# Woma in the Wild



## aspidito (May 16, 2010)

A couple of pictures for general interest of a SA woma in the Cooper Basin from late March.
There have been lots of sightings & many encounters due to the heavy rains & flooding.


----------



## rash (May 16, 2010)

great pics! id love to be able to see womas in the wild,
thanks for sharing


----------



## Snakelove (May 16, 2010)

Looks like a placid woma!


----------



## AUSHERP (May 16, 2010)

beautiful, you can see the difference between it and the captive lines


----------



## yommy (May 16, 2010)

the difference is a harsh lifestyle, beautiful creature. Nothing beats see herps in the wild first hand. Thanks for sharing


----------



## WomaPythons (May 16, 2010)

good pics strange lookin woma


----------



## Col J (May 16, 2010)

Lovely, healthy looking wild specimen. Thanks for sharing.


----------



## H.bitorquatus (May 16, 2010)

Not a fan of the SA womas, but would still love to see them!

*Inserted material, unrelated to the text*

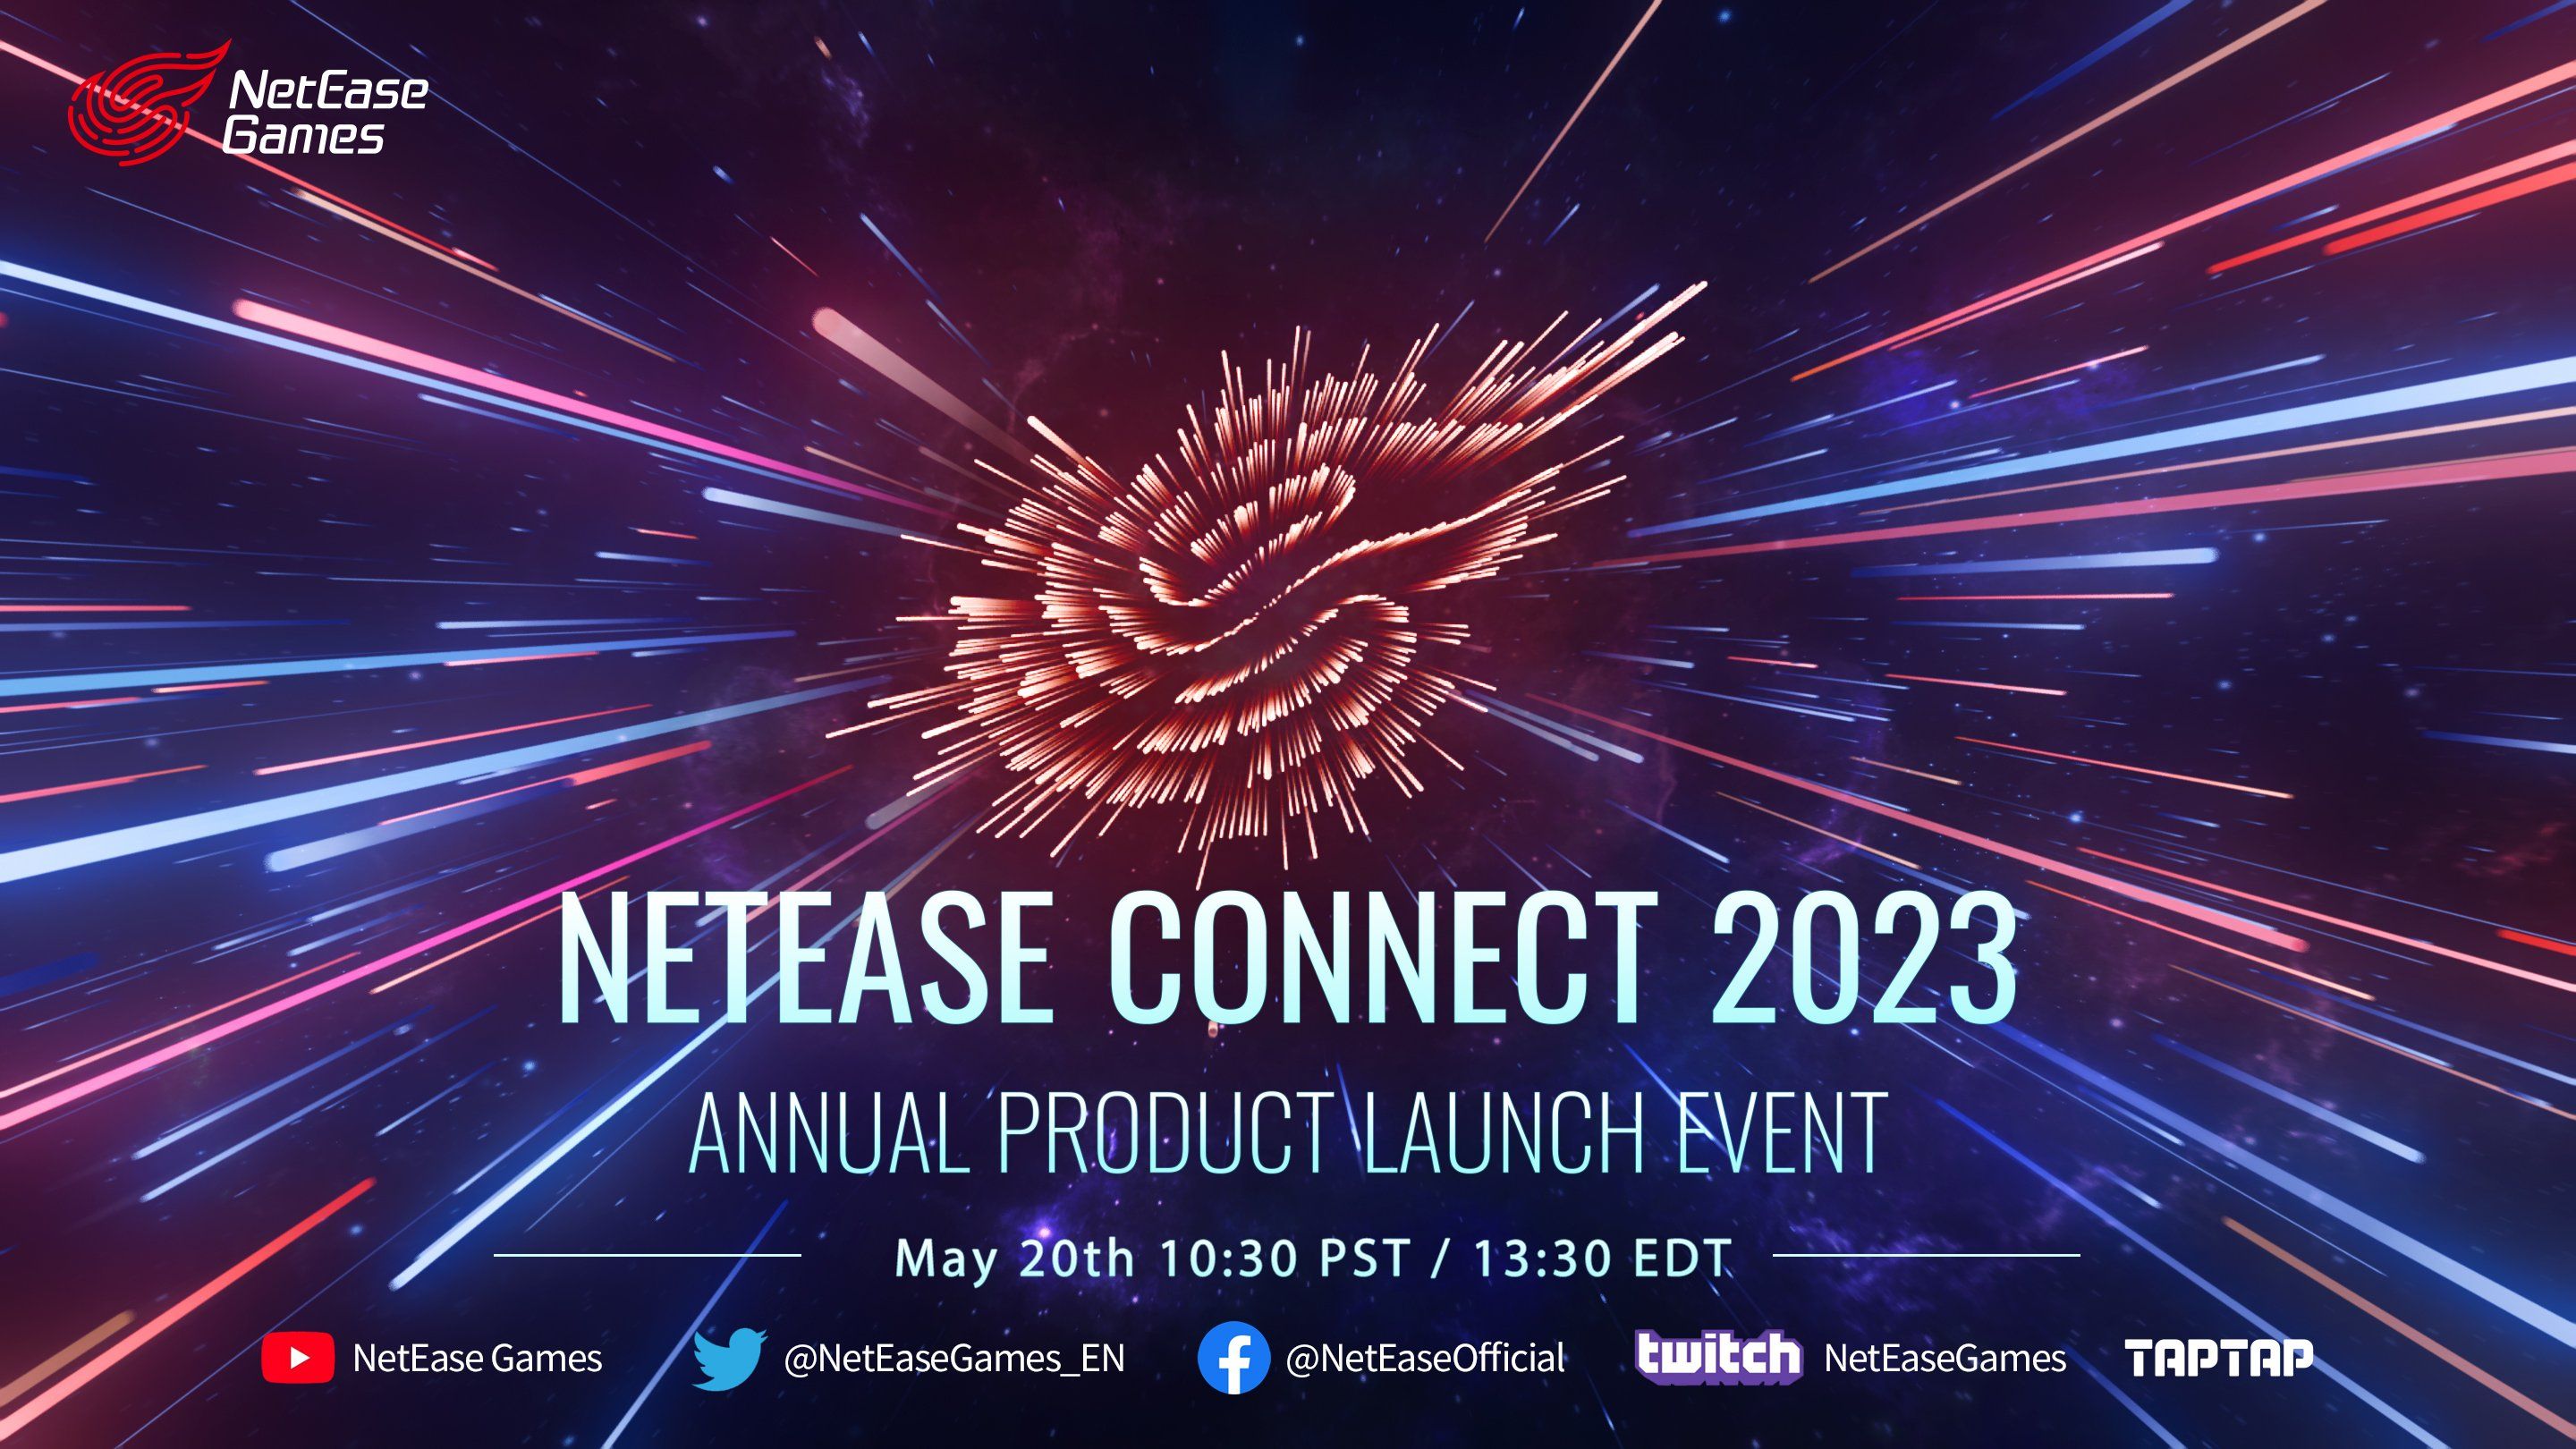 NetEase anuncia el lanzamiento mundial de Eggy Party

Great find!


----------



## -Matt- (May 16, 2010)

H.bitorquatus said:


> Not a fan of the SA womas, but would still love to see them! Great find!



SA womas are the only womas I have any interest in 

Top find, definatly near the top of my must see in the wild list!


----------



## Acrochordus (May 16, 2010)

Top find, dont see pictures of a wild Woma very often!!!
Thanks Tim.


----------



## Omgitschris (May 16, 2010)

that would be amazing to see first hand. thanks for posting


----------



## aspidito (May 16, 2010)

Thanks for the comments, they are amazing creatures & out of the dozens (adults) I have encountered in the wild all but one have been so calm & docile.
This one has a nice dark olive colouring which is the common form, the lighter sandy coloured forms are not often seen in the wild in this area yet a couple of hundred Klms away in south west Qld they do seem to be lighter on the average & there is also a difference in head scales.
Regards, Paul


----------